Ulica Chełmońskiego
biegnie równolegle do Matejki i prowadzi od ulicy Wyspiańskiego do ulicy Grottgerra, ulica wytyczona przez Johowa w roku 1902, podobnie jak Siemiradzkiego, Grottgera i Kossaka , początkowo nazywała się ulicą Helmholtza, od 15 listopada 1919 roku patronuje jej Józef Chełmoński- wybitny malarz realista
Z budynkiem na ulicy Matejki 50 sąsiaduje interesująca, okazała, secesyjna kamienica narożnikowa Wyspiańskiego 10 narożnik Chełmońskiego , pierwszym jej właścicielem był bogaty nauczyciel Nimil Nicklaus, (trochę ją pokazałem przy okazji spaceru po ulicy Wyspiańskiego, ale…), Projektantem prawdopodobnie Oskar Hoffmann….

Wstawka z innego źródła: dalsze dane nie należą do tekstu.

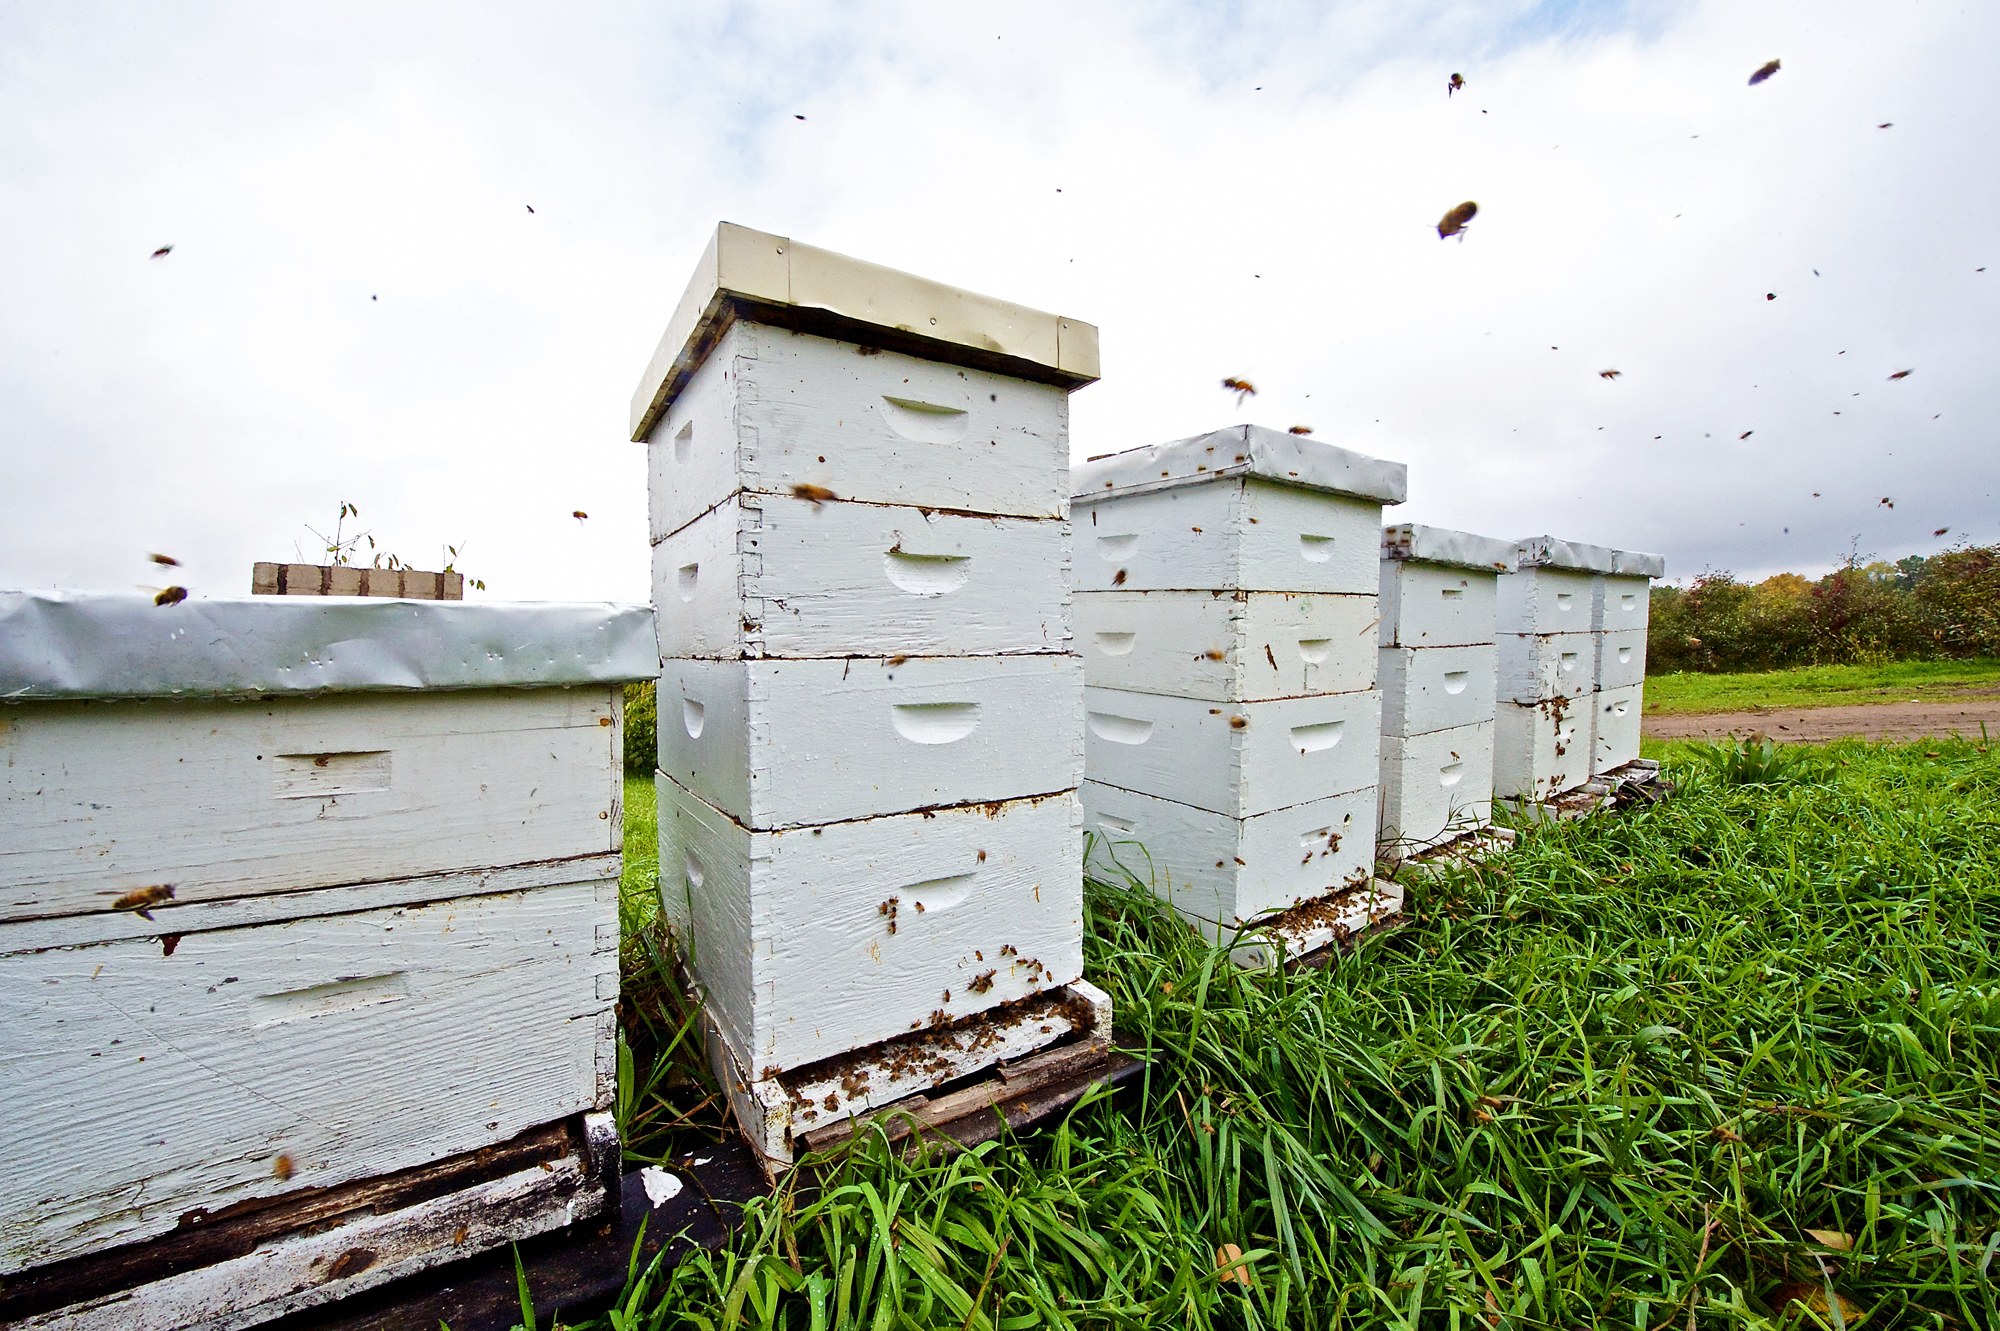  Bee Hives; honey bees; wood; orchard; apple; michigan; pure; insects; animal; nature; photography; photographer; fly; grass; plants; pollen; polination

mieszkała tu Maria Trompczyńska (ps”Maria d’Otto” znana śpiewaczka operowa, od roku 1926 do 1958 roku z przerwą wojenną profesor Państwowej Wyższej Szkoły Muzycznej w Poznaniu . Jej dom stał się ośrodkiem życia towarzyskiego i artystycznego,.. w czasie okupacji tworzyła wokół siebie konspiracyjne środowisko muzyczne, uczył się u niej między innymi Stefan Stuligrosz
Na drugim narożniku Willa Historica, równie interesująca kamienica Wyspiańskiego nr 12 zbudowana 1903-1906 , z wieżyczkami, wykuszami, przypomina zamek, …pierwsze miejsce w konkursie „Najlepsze renowacje elewacji kamienic w 2010 roku” (kamienicę, podobnie jak poprzednią, pokazałem już przy okazji spaceru po ulicy Wyspiańskiego, ale …. myślę, że i ta i poprzednia warte pokazania powtórnie…)

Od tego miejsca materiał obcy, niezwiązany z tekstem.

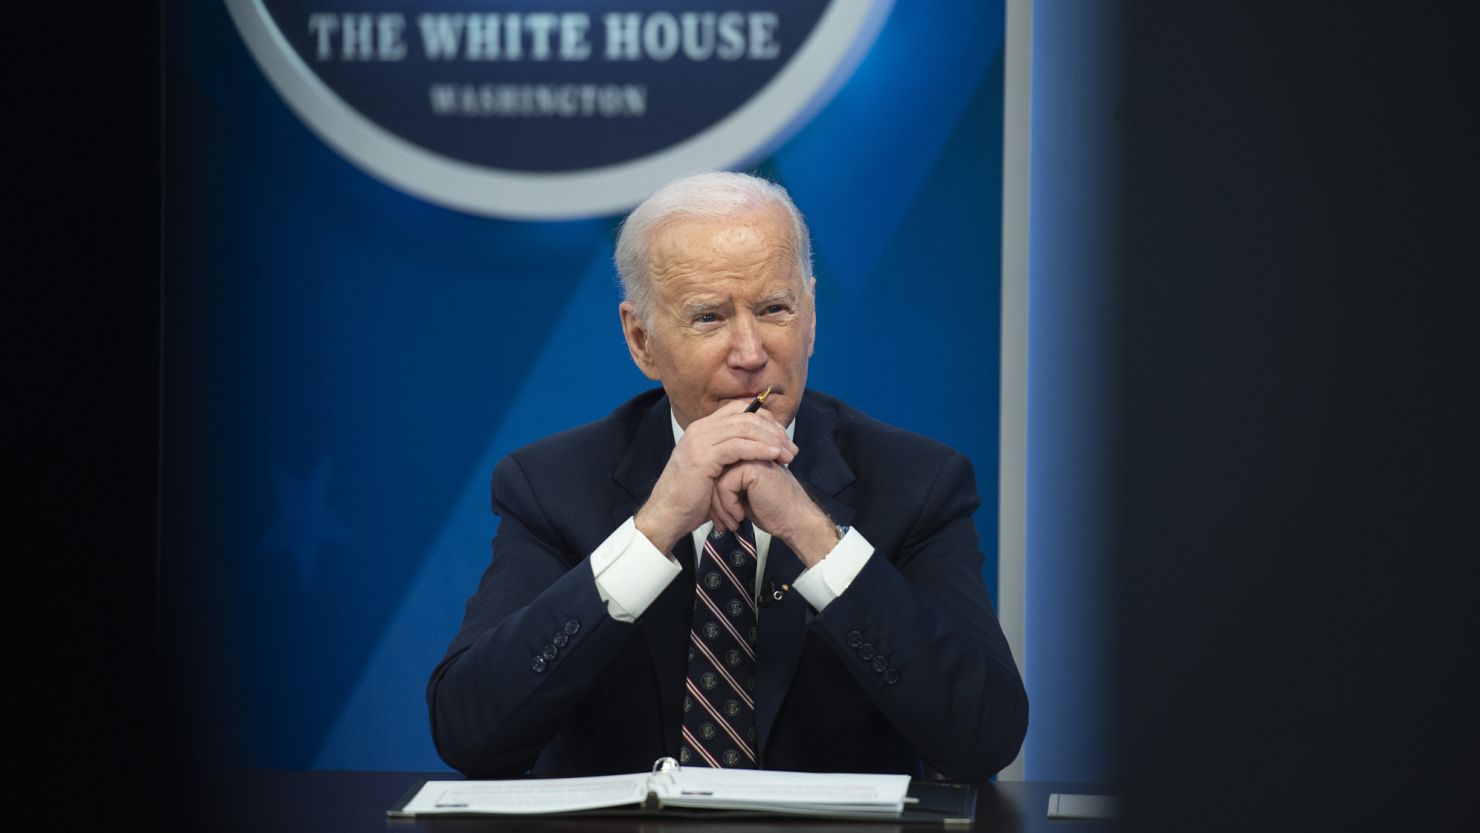 President Joe Biden speaks from the White House on Tuesday during a virtual event discussing securing critical mineral supply chains, powering clean energy manufacturing and creating good-paying jobs.

Dekoracje tej potężnej kamienicy – motywy plecionek, półkoliste łuki, zaczerpnięte ze sztuki wczesnośredniowiecznej … kilka detali dekoracyjnych
Większość najstarszych budynków na osiedlu Jehowa powstało do 1908 roku, wtedy powstało trzydzieści pięć kamienic, do 1912 roku powstało zaledwie pięć kamienic, wtedy też powstały najstarsze kamienice przy ulicy Chełmońskiego,… Zbigniew Zakrzewski w „Ulicami Mojego Poznania” pisze:…„Ulica Chełmońskiego był do roku 1930 zabudowana, zwłaszcza od strony wschodniej i południowej, zachowanymi dotąd kamienicami. Kto przed rokiem sześćdziesięciu laty zajrzał do jej wnętrza od ulicy Grottgera, miał po prawej ręce pola uprawne” i tak, oprócz pokazanych, po wschodniej stronie Anton Kuntzel zaprojektował kamienice nr 1 i 2, zbudowane w 1906 roku
( 2 )
dalszy kawałek wschodniej pierzei
Pod nr 6 kamienica wybudowana w 1908 przez budowniczego H. Hintza (nieodnowiona)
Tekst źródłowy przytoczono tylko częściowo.